TO DO → Without the pictures, repeat the listing character for character.

GIVEN MATERIAL →
○ ○ ○ ○ ○ ○ ○

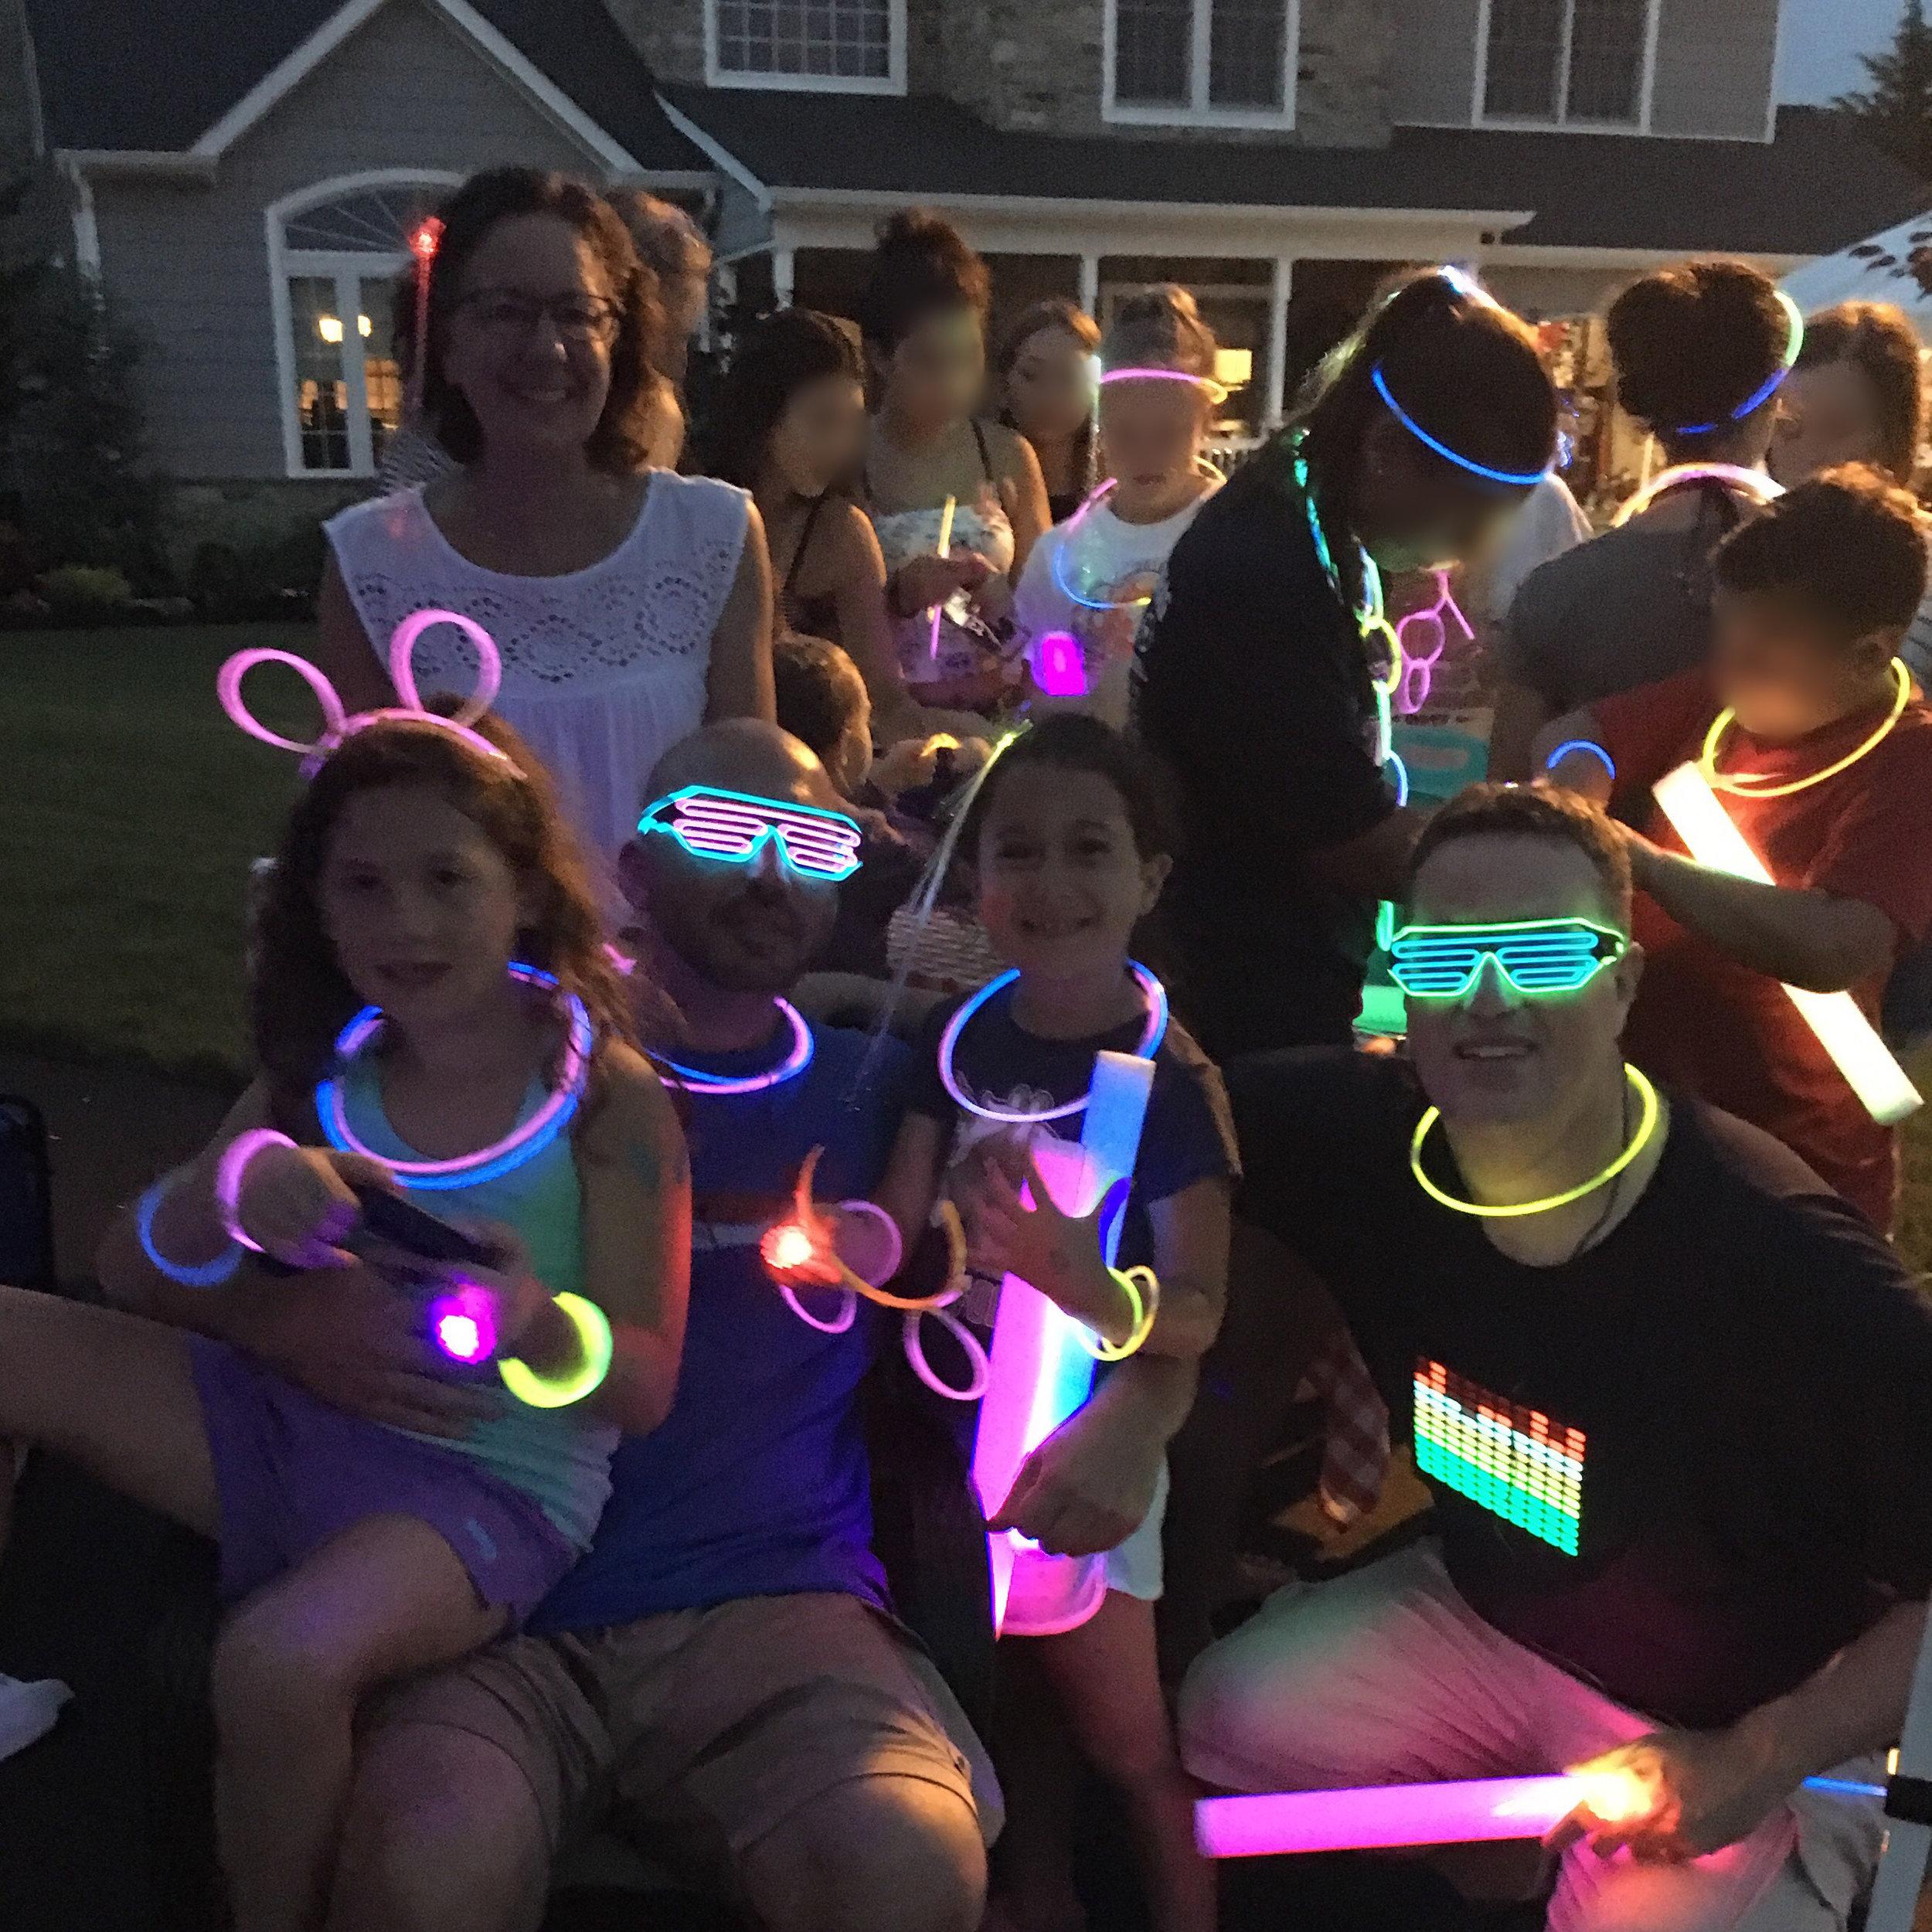 Glow in the dark fun at Block Party
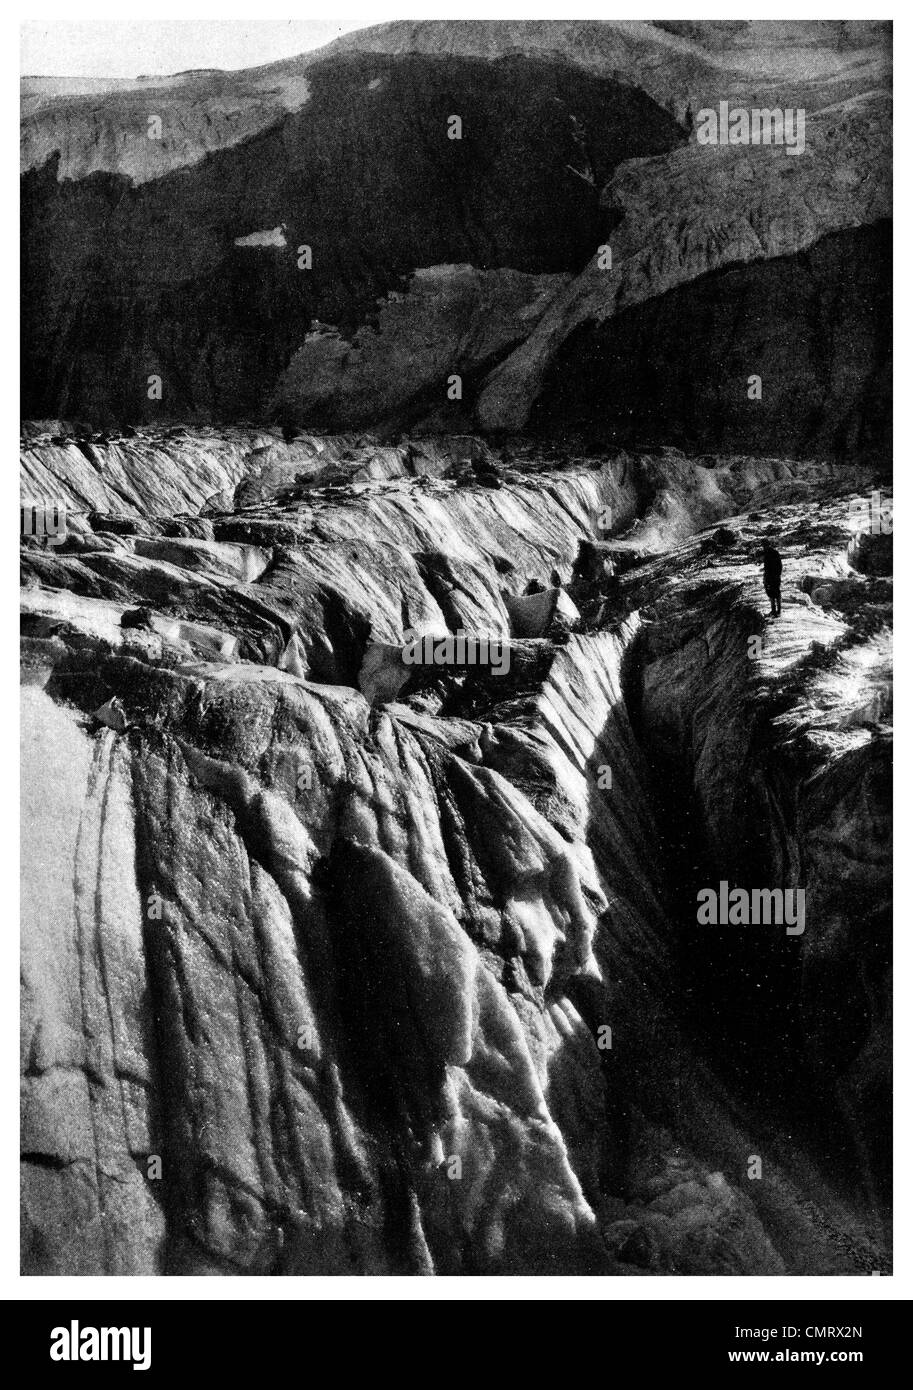 1919 Piedmont Glacier above Lake Maye crevasse - Stock Image
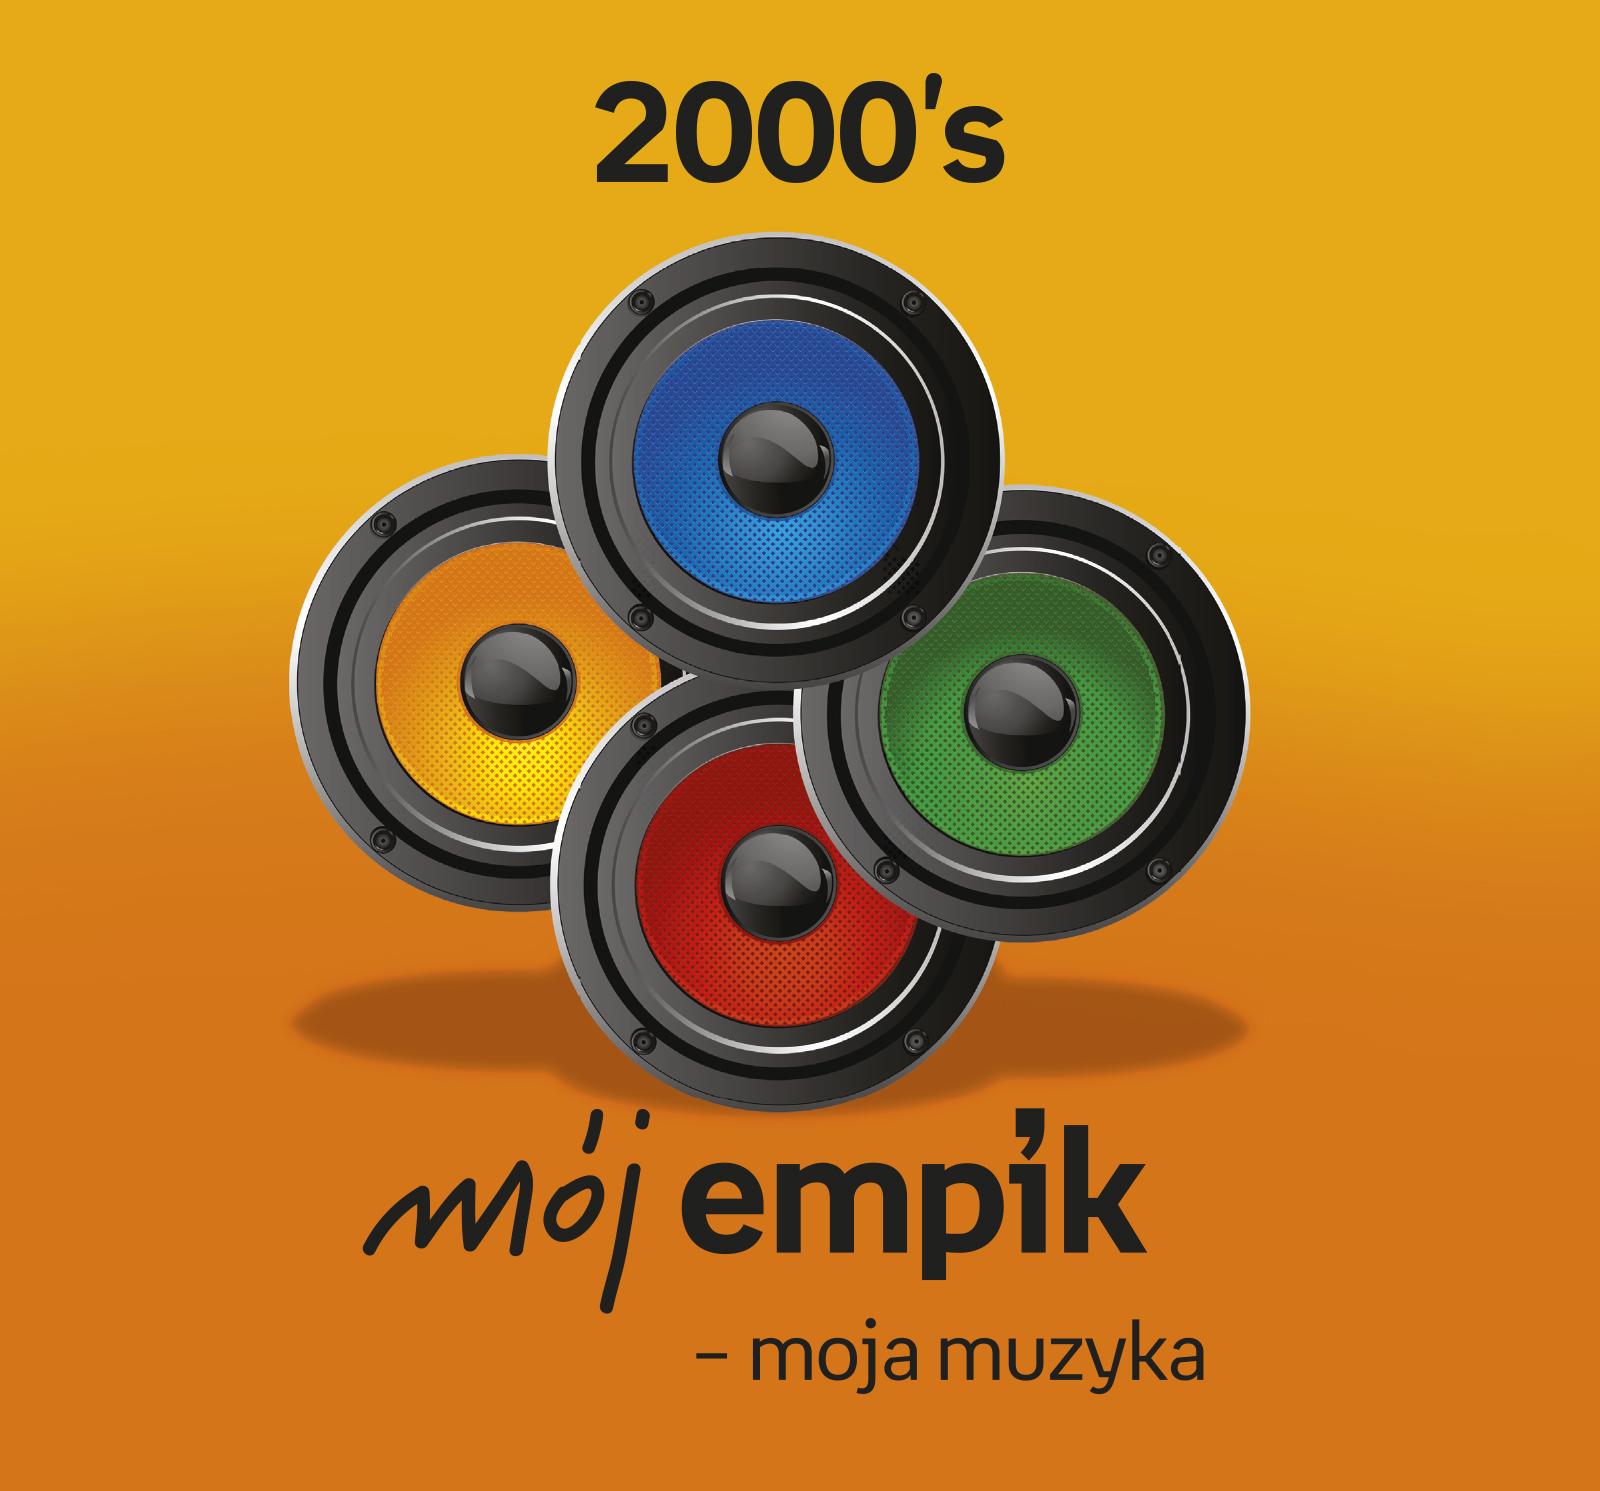 Mój Empik – moja muzyka: 2000's

○ ○ ○ ○ ○ ○ ○

RESPONSE TO THIS TASK →
 Glow in the dark fun at Block Party
 1919 Piedmont Glacier above Lake Maye crevasse - Stock Image
 Mój Empik – moja muzyka: 2000's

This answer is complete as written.